Microorganisms are ubiquitous in geological environments, from the surface of the earth to the deepest layer of the ocean’s crust. Some microorganisms are useful, while others can be very harmful. In oil and gas production, microbiological activity is one of the biggest contributors to metal infrastructure corrosion. While there are some available solutions to mitigate microbiologically influenced corrosion (MIC), a big challenge is to make the connection between corrosion damage, such as pitting, and the activity of microorganisms.1
While still used, traditional culture-based methods such as serial dilution or most probable number testing using “bug bottles” have failed to detect predominant troublesome microorganisms.2 These observed limitations have led to the adoption of molecular microbiological methods (MMM) to identify bacteria in oil field systems.3-4 MMM systematically links the type (species, family, or class) of microorganisms to corrosion and identifies the total microbiological population (dead, alive, and dormant) at the corrosion site.2 Since adopting MMM in oil and gas systems over 10 years ago, there is now a deeper understanding of how molecular tools can be used to identify MIC.5
The threat of MIC occurs across metallic oil and natural gas pipeline networks that are exposed to water.4 In MIC assessment specifically, several MMM (e.g., the quantitative polymerase chain reaction method using 16S rRNA universal primers and the Next Generation Sequencing method) are useful tools to quantify the abundance and diversity of many types of bacteria and archaea.6-7 Results enable the end user to identify thermophilic archaea, methanogens, sulfate-reducing bacteria (SRB), nitrogen fixers, and obligate anaerobes, to name a few examples.5 Some case studies, however, have highlighted challenges in interpreting data from MMM. Factors such as the time between sampling and analysis, operating conditions, and sample integrity can lead to erroneous results. Also, microbiological data interpretation in the context of the operating environment (e.g., temperature, salinity, or flow rate) is needed to form valid scientific conclusions.2,5
During the decade since these molecular tools were adopted, two major limitations have been identified. The first limitation is lack of established connectivity between MMM and corrosion data because there are no published methods to collectively assess other relevant information about MIC (e.g., operating conditions, system chemistry, and metallurgy). The second limitation is maintaining sample integrity prior to analysis. Operators in the field collect samples without knowledge of sterile techniques, and shipping from offshore platforms can take weeks to months.

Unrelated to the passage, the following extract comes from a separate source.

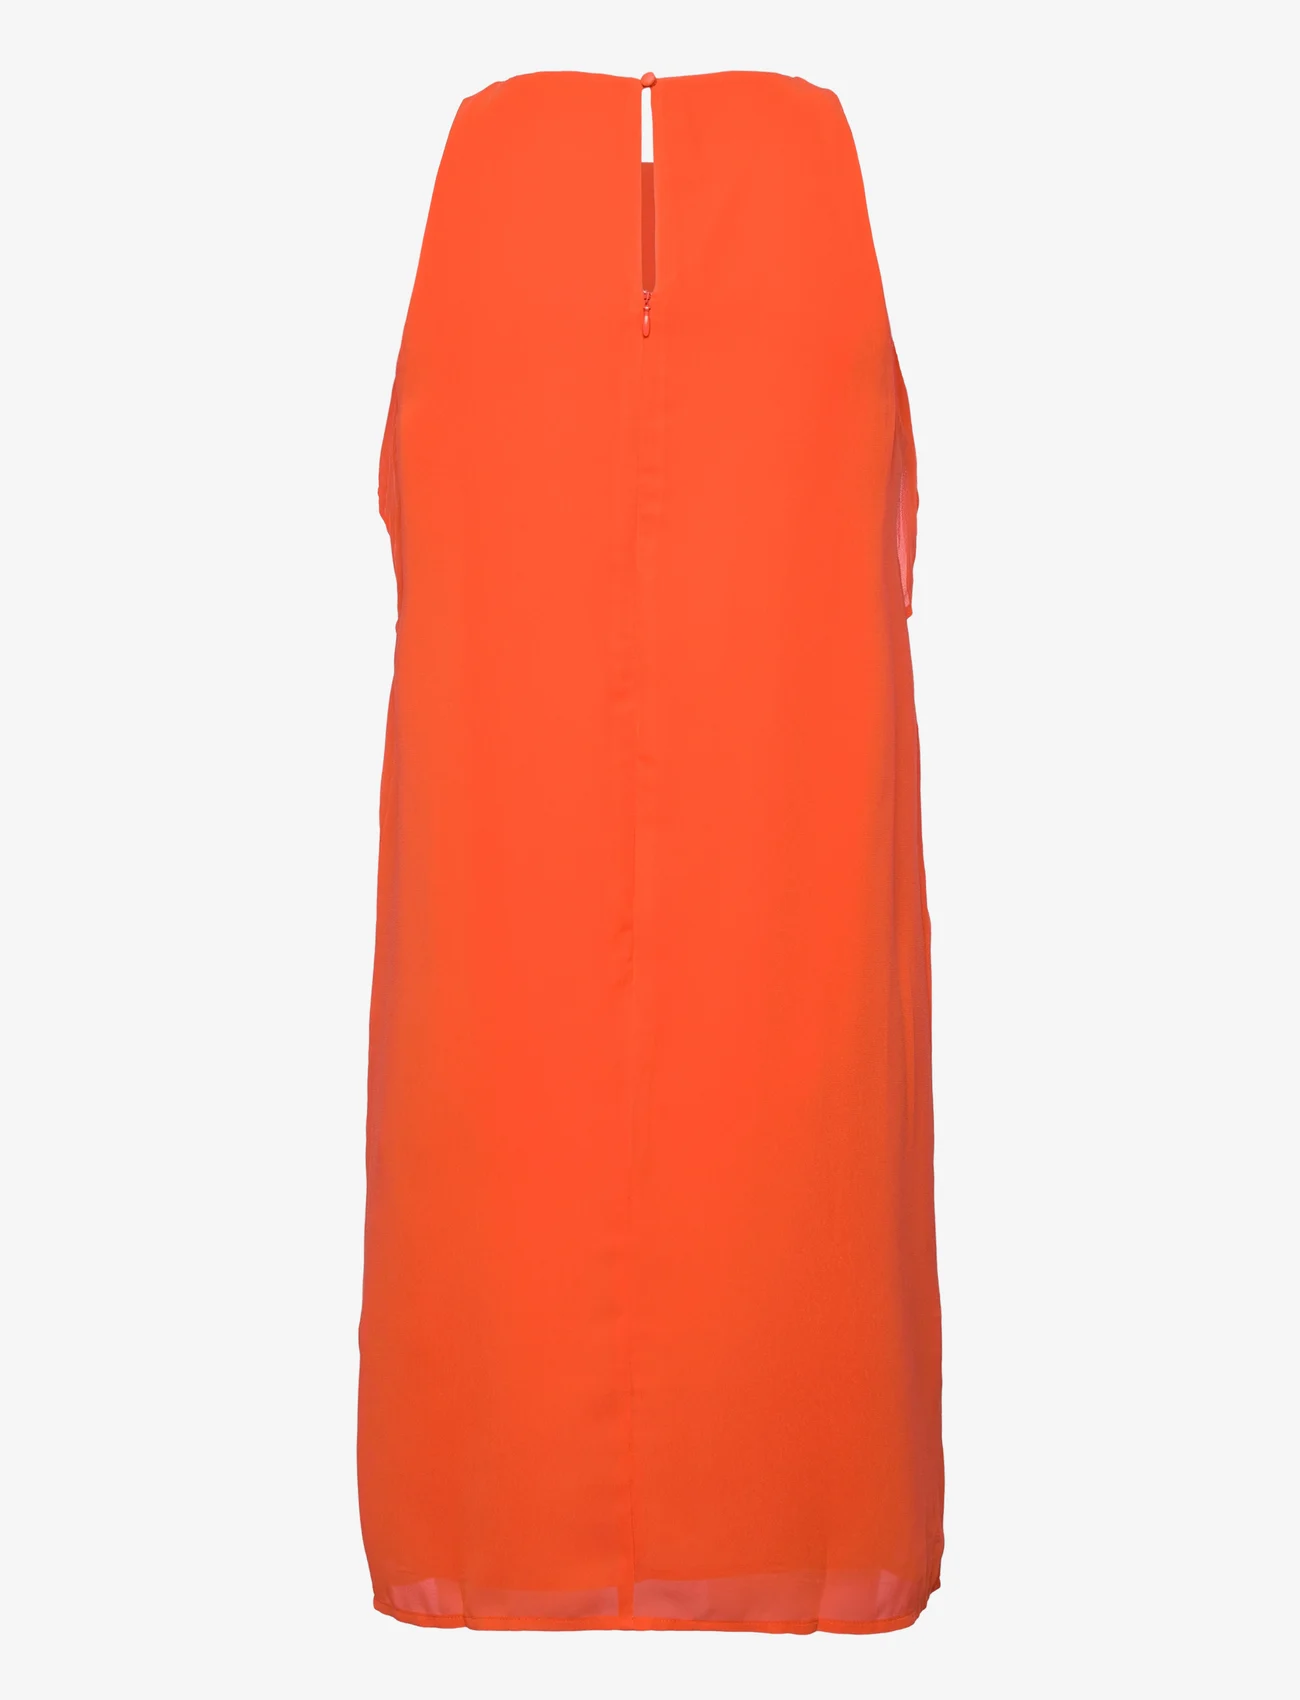 Esprit Casual - Dresses light woven - party dresses - bright orange - 1

To overcome these limitations, advances in the application of MMM could occur through a systematic and organized movement that is inclusive of all participants (operators, vendors, and scientists).8 Solutions can be categorized into education, data management, and collaboration.
Educating operators in proper sterile techniques and sample collections is needed to reduce the likelihood of contamination and sample degradation. Training that focuses on sterile techniques to be used during sample collection could be provided in a classroom. Another option would be the development of a video tutorial that can be viewed on a mobile device for easy access when needed in the field.

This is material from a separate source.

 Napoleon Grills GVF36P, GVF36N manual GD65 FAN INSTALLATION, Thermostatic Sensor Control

Data management is also critical, particularly because of the large volume of data produced in metagenomics. Data could be stored on an online portal to record important categories such as field locations, operating conditions, and chemical or metallurgical variables. A numerical “MIC severity scale,” along with the identification of microorganisms to establish connections between molecular results and corrosion damage (e.g., biotic vs. abiotic corrosion), also would be helpful.

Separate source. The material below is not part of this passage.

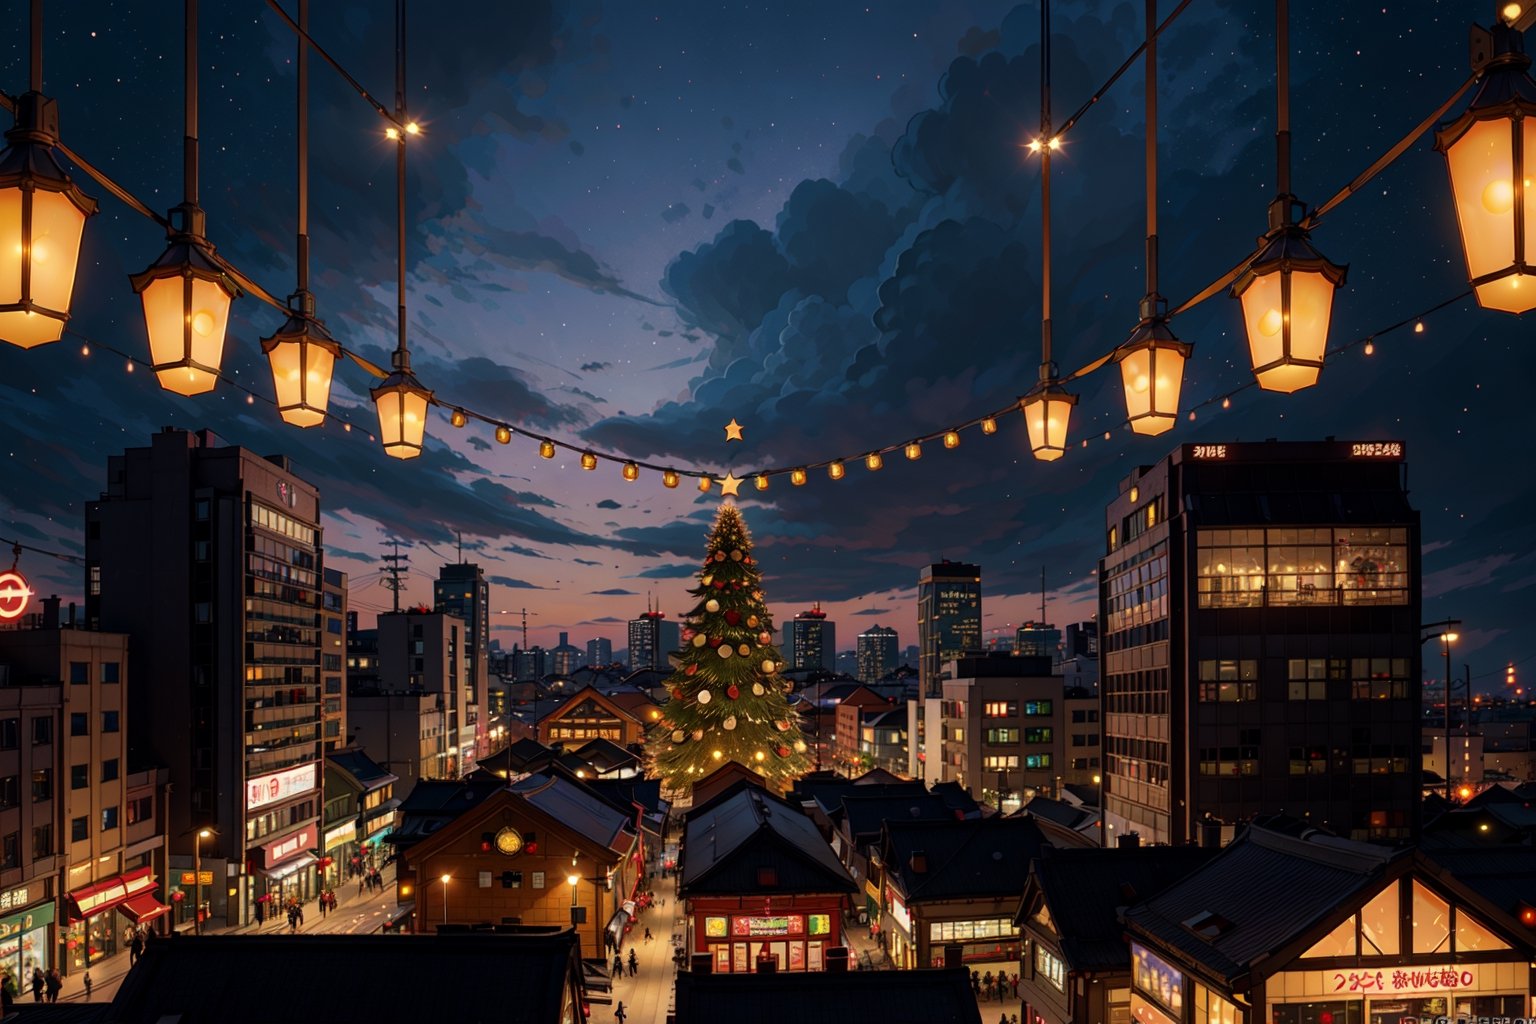 2023 christmas seoul city scenery, beauty, warm colors, anime style,Isometric

Additionally, collaboration is needed between researchers, academic partners, and start-up companies so information about new methodologies or technologies being developed can be shared. In the digital health industry, for example, portable medical devices are being developed for point-of-care technologies that can generate results of a blood test right at a patient’s bedside. Start-up companies in energy technology could develop sensors for a portable MIC monitoring kit or portable methodological panels.9 Having a device that can reliably test samples in the field for MIC will revolutionize oilfield microbiology and MIC management.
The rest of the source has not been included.